Solving \(D_{\rho }{\mathcal {L}}({\bar{\rho }},{\bar{w}},q_1,q_2)\rho =0\) for all \(\rho \) such that \(\rho (\mathbf {x},0)=0\) gives that: with further boundary terms which are eliminated through relating \(q_1\) and \(q_2\). This then leads to the adjoint problem:

$$\begin{aligned} \begin{aligned} \ {\mathcal {D}}_s^*(q)+\widetilde{{\mathcal {I}}}^*(\rho ,q)={}&\rho -{\widehat{\rho }}\quad \text {on }\Omega \times (0,T), \\ \ q={}&0\quad \quad \text {at }t=T, \\ \ q={}&0\quad \quad \text {on }\partial \Omega \times (0,T), \end{aligned} \end{aligned}$$
(3.5)

where

$$\begin{aligned} \ {\mathcal {D}}_s^*(q):=-\partial _{t}q-\nabla ^{2}q+\nabla {}V_{\text {ext}}\cdot \nabla q. \end{aligned}$$

Searching for the stationary point upon differentiation with respect to w, using similar working as above, gives:

$$\begin{aligned} \ D_w{\mathcal {L}}({\bar{\rho }},{\bar{w}},q_1,q_2)w=\beta \int _0^T\int _{\Omega }{\bar{w}}w~\mathrm{d} \mathbf {x}\mathrm{d}t+\int _0^T\int _{\Omega }{\bar{w}}q_1~\mathrm{d} \mathbf {x}\mathrm{d}t, \end{aligned}$$

leading to the gradient equation:

$$\begin{aligned} \ \beta {}w+q=0. \end{aligned}$$
(3.6)

To summarize, the complete first-order optimality system for the problem (2.5), with the Dirichlet boundary condition \(\rho =c\), includes the PDE constraint itself, the adjoint problem (3.5), and the gradient equation (3.6).

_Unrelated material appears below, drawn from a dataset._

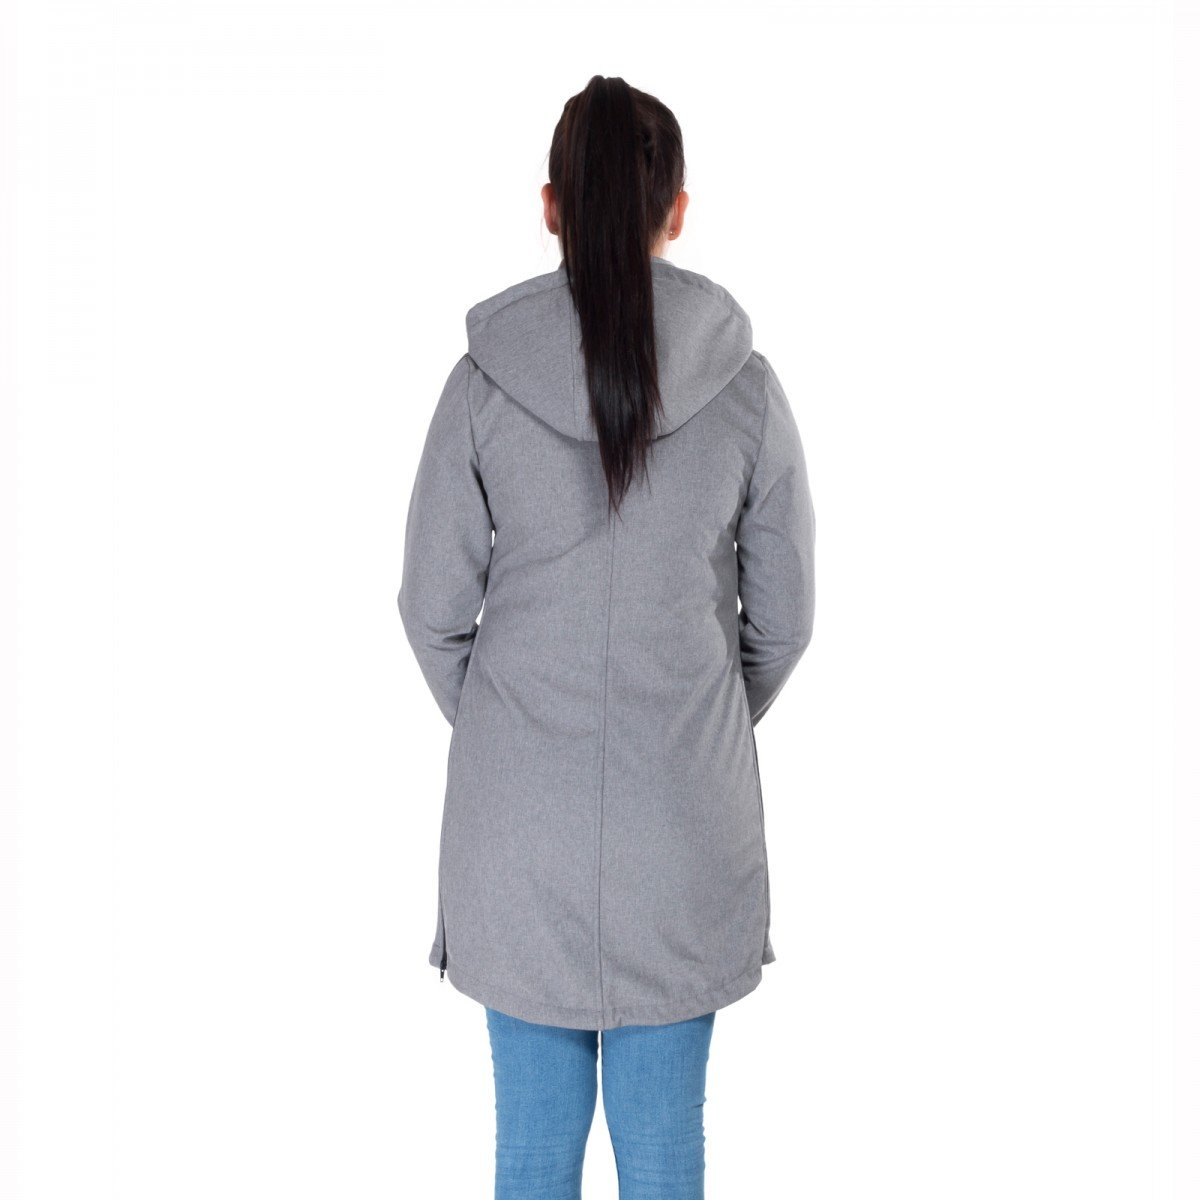 Amazon.com: fun2bemum 3 in1 Softshell – Chaqueta Coat ...

3.4 Source control with no-flux type boundary condition

Applying the same working to problem (2.5) with no-flux boundary condition (2.6), the Lagrangian is given by:

$$\begin{aligned} {\mathcal {L}}(\rho ,w,q_1,q_2)={\mathcal {J}}(\rho ,w)&{}-\int _0^T\int _{\Omega }\left( {\mathcal {D}}_s(\rho ,w)-\nabla _{\mathbf {x}}\cdot {\mathcal {I}}(\rho )-f\right) q_1~\mathrm{d} \mathbf {x}\mathrm{d}t \\&-\int _0^T\int _{\partial \Omega }\left( {\mathcal {N}}_s(\rho )+{\mathcal {I}}(\rho )\cdot \mathbf {n}\right) q_2~\mathrm{d}s\mathrm{d}t. \end{aligned}$$

Applying the same reasoning as above then leads to the adjoint problem:

$$\begin{aligned} \ {\mathcal {D}}_s^*(q)+\widetilde{{\mathcal {I}}}^*(\rho ,q)={}&\rho -{\widehat{\rho }}\quad \text {on }\Omega \times (0,T), \\ \ q={}&0\quad \quad \text {at }t=T, \\ \frac{\partial {}q}{\partial {}n}={}&0\quad \quad \text {on }\partial \Omega \times (0,T), \end{aligned}$$

along with the state equation as in (2.5), and the gradient equation (3.6).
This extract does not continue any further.